In the space of a few hours, the righteous work of Camp Cope was bustled out of my timeline by a legion of uniform, non-critical tweets about a white male band called Slaves launching a label called Girl Fight and signing an all-male band called Lady Bird. As on Twitter, so in real life. Slaves faced a wave of backlash for their ill-advised choice of name, and instead of learning from it and growing as people, seem to have decided to double down and go for the appropriation bingo full house. They’ve faced no real adversity in the press, felt no consequences, and so they have learned nothing.

In November, Camp Cope released ‘The Opener’, a song which detailed the double standard that continues to flourish in the music industry (and, arguably, everywhere else):

“You worked so hard but we were ‘just lucky’
To ride those coat tails into infinity
And all my success has got nothing to do with me
Yeah, tell me again how there just aren’t that many girls in the music scene”

And yet, writing about this exact bullshit argument did not stop a barrage of unsolicited messages from men suggesting to them that there are just no women in bands to fill festival slots (because as we all know the birth of Twitter marked the death of irony).

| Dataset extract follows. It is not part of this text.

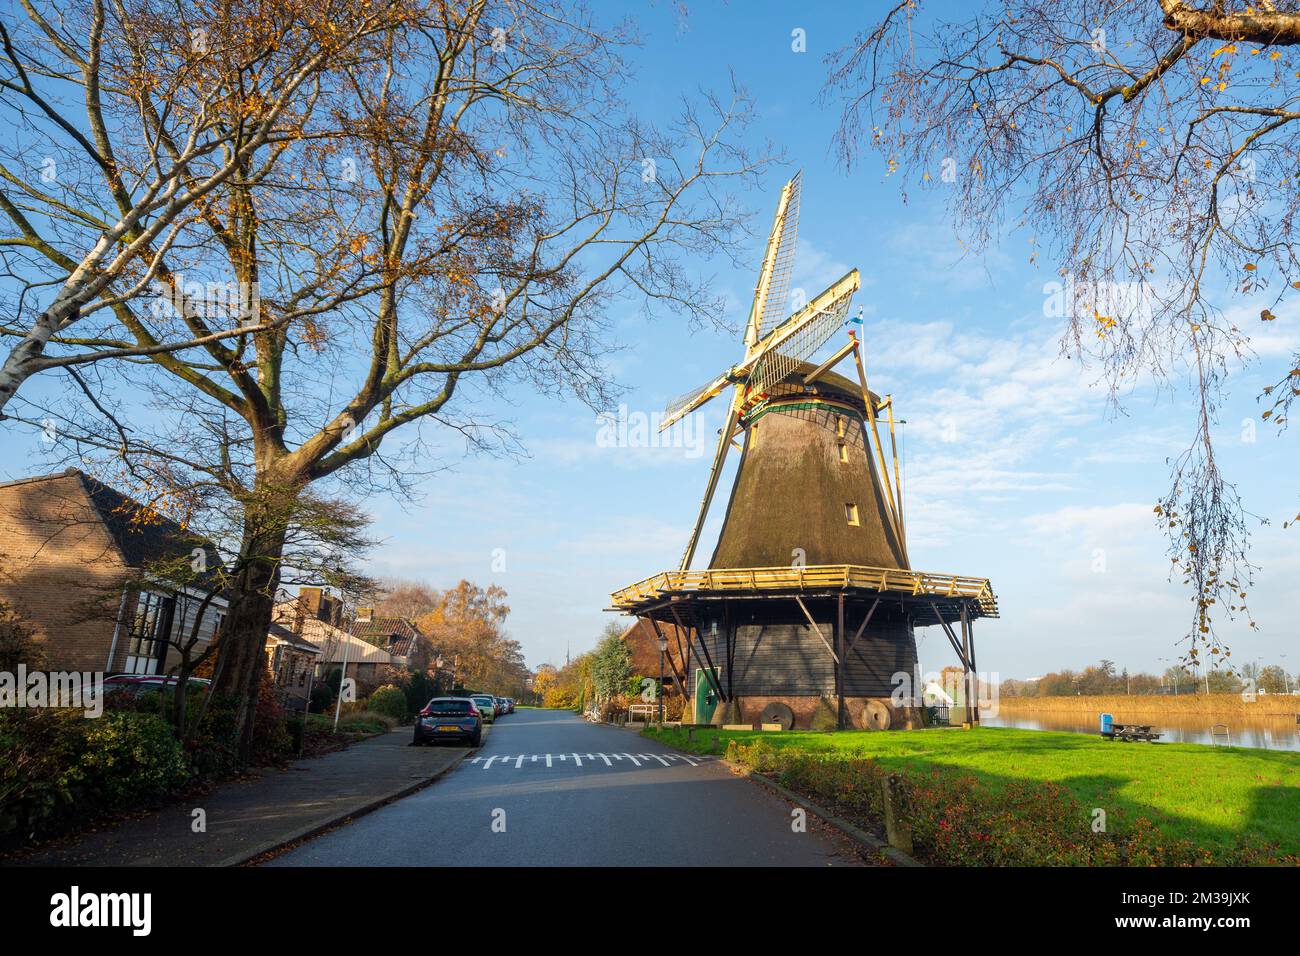 Molen De Vriendschap, traditionelle holländische Windmühle in der Kleinstadt Weesp, Niederlande Stockfoto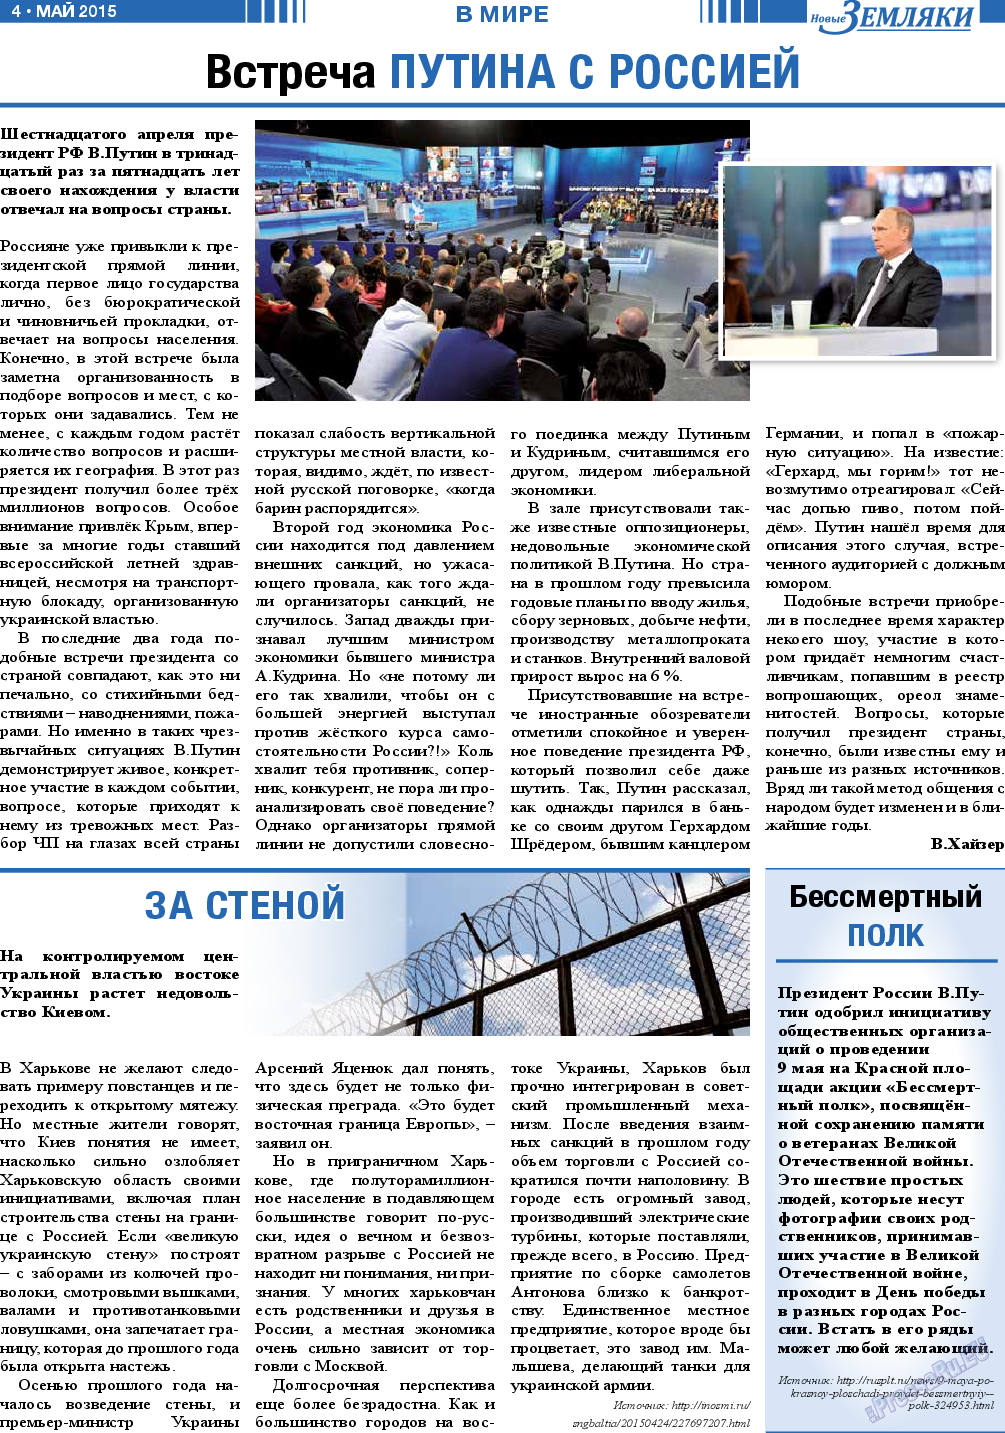 Новые Земляки (газета). 2015 год, номер 5, стр. 4

This year has to be better. 2018 could well be the year that the earth is ravaged by a nuclear apocalypse and, real talk for a second here, there’s nothing you or I can do about that. All we can do while we wait for the screech of the sirens is try and make our community a bit nicer, a bit fairer. And really, we owe it to ourselves to diversify our collective interests and stop giving boring mediocre tat the oxygen of attention just because men in bands are considered by default to be true artists and visionaries. Let’s ask our bands (and artists, and actors, and everyone else) to earn our respect and admiration this year, and see how quickly the balance shifts.